Idiap Research Institute
- Formation: 1991
- Founders: Fondation Dalle Molle; Municipality of Martigny; Canton of Valais; EPFL;
- Type: research institute
- Legal status: non-profit
- Purpose: research
- Location: Centre du Parc, Rue Marconi 19, 1920 Martigny;
- Coordinates: 46°06′33″N 7°05′05″E﻿ / ﻿46.10906°N 7.08471°E
- Director: Andrea Cavallaro
- Affiliations: École polytechnique fédérale de Lausanne; Université de Genève;
- Budget: CHF 12 million (2022)
- Staff: 180 (2023)
- Website: idiap.ch
- Formerly called: Istituto Dalle Molle di Intelligenza Artificiale Percettiva Institut Dalle Molle d'intelligence artificielle perceptive

= Idiap Research Institute =

Research institute in Switzerland

The Idiap Research Institute is a semi-private non-profit research institute based in Martigny, in the canton of Valais, Switzerland.
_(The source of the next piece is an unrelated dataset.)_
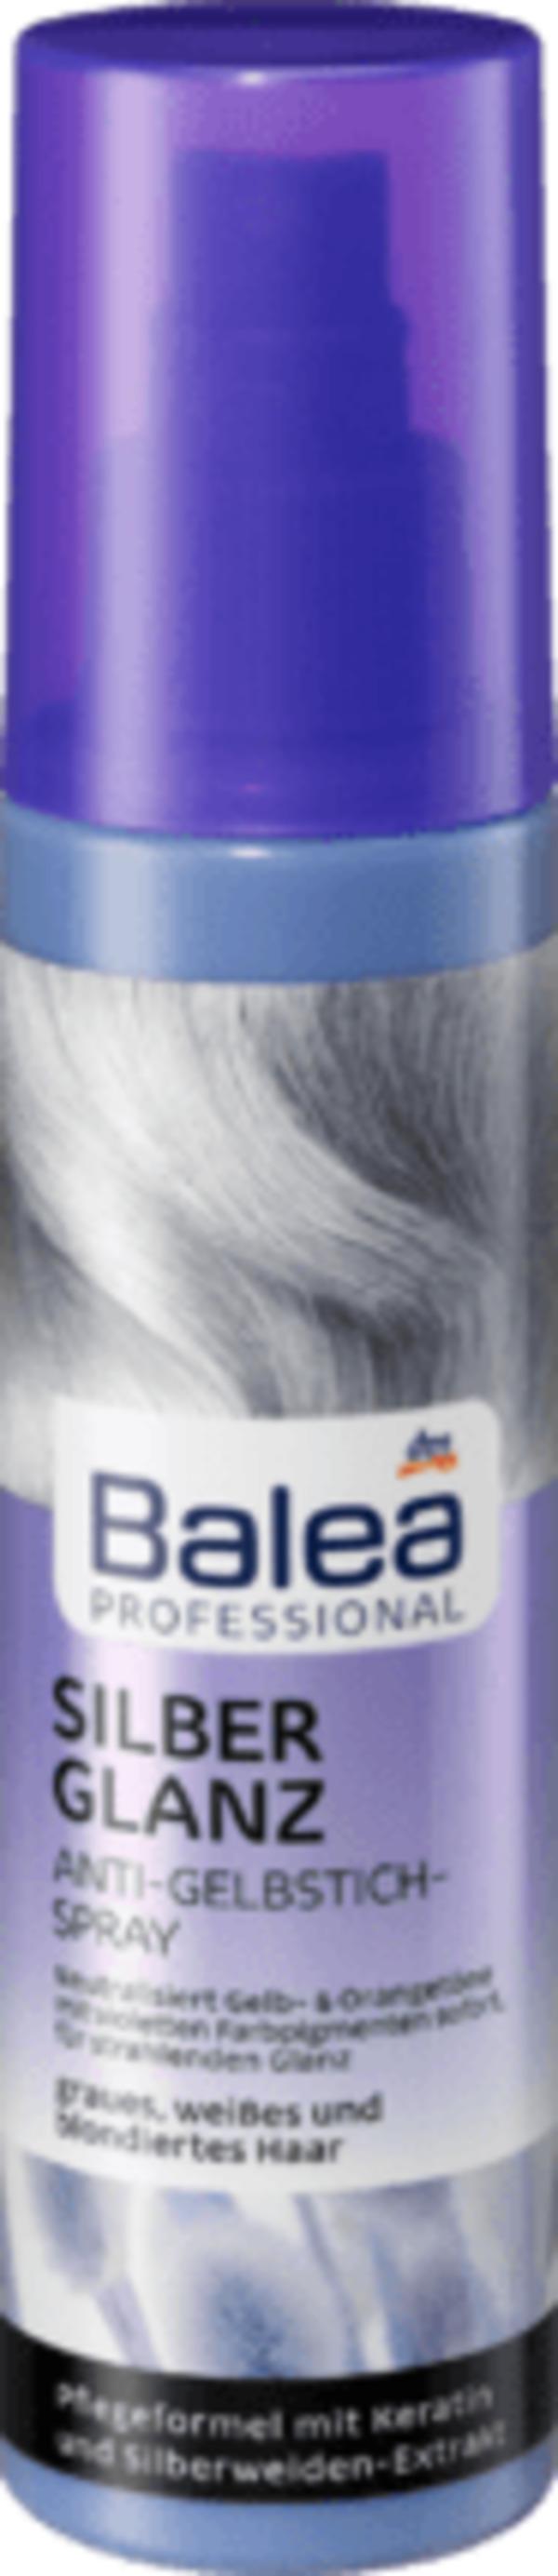 Balea Professional Anti-Gelbstich Spray Silberglanz

It conducts research in the areas of speech processing, computer vision, information retrieval, biometric authentication, multimodal interaction and machine learning. The institute is affiliated with the École polytechnique fédérale de Lausanne (EPFL), and with the Université de Genève.

== History ==

The institute was founded as the Istituto Dalle Molle di Intelligenza Artificiale Percettiva (Institut Dalle Molle d'intelligence artificielle perceptive) in 1991 by the Italian entrepreneur Angelo Dalle Molle through the Fondation Dalle Molle, in collaboration with the École polytechnique fédérale de Lausanne and with local, cantonal and federal government bodies. Its purpose was to investigate the application of artificial intelligence to human perception in general, and to recognition and analysis of patterns in particular. In 1996, with the participation of the town of Martigny, the canton of Valais, the EPFL, the University of Geneva and Swisscom, it became a research foundation independent of the Dalle Molle foundation, and shortly after changed its name to Idiap Research Institute.

Idiap is one of the four Swiss research organisations founded by the Dalle Molle foundation, of which three are in the field of artificial intelligence.

== Research ==

Idiap was home to the National Centre of Competence in Research IM2 project on "Interactive Multimodal Information Management".

The institute receives federal support as a research facility in the field of artificial intelligence.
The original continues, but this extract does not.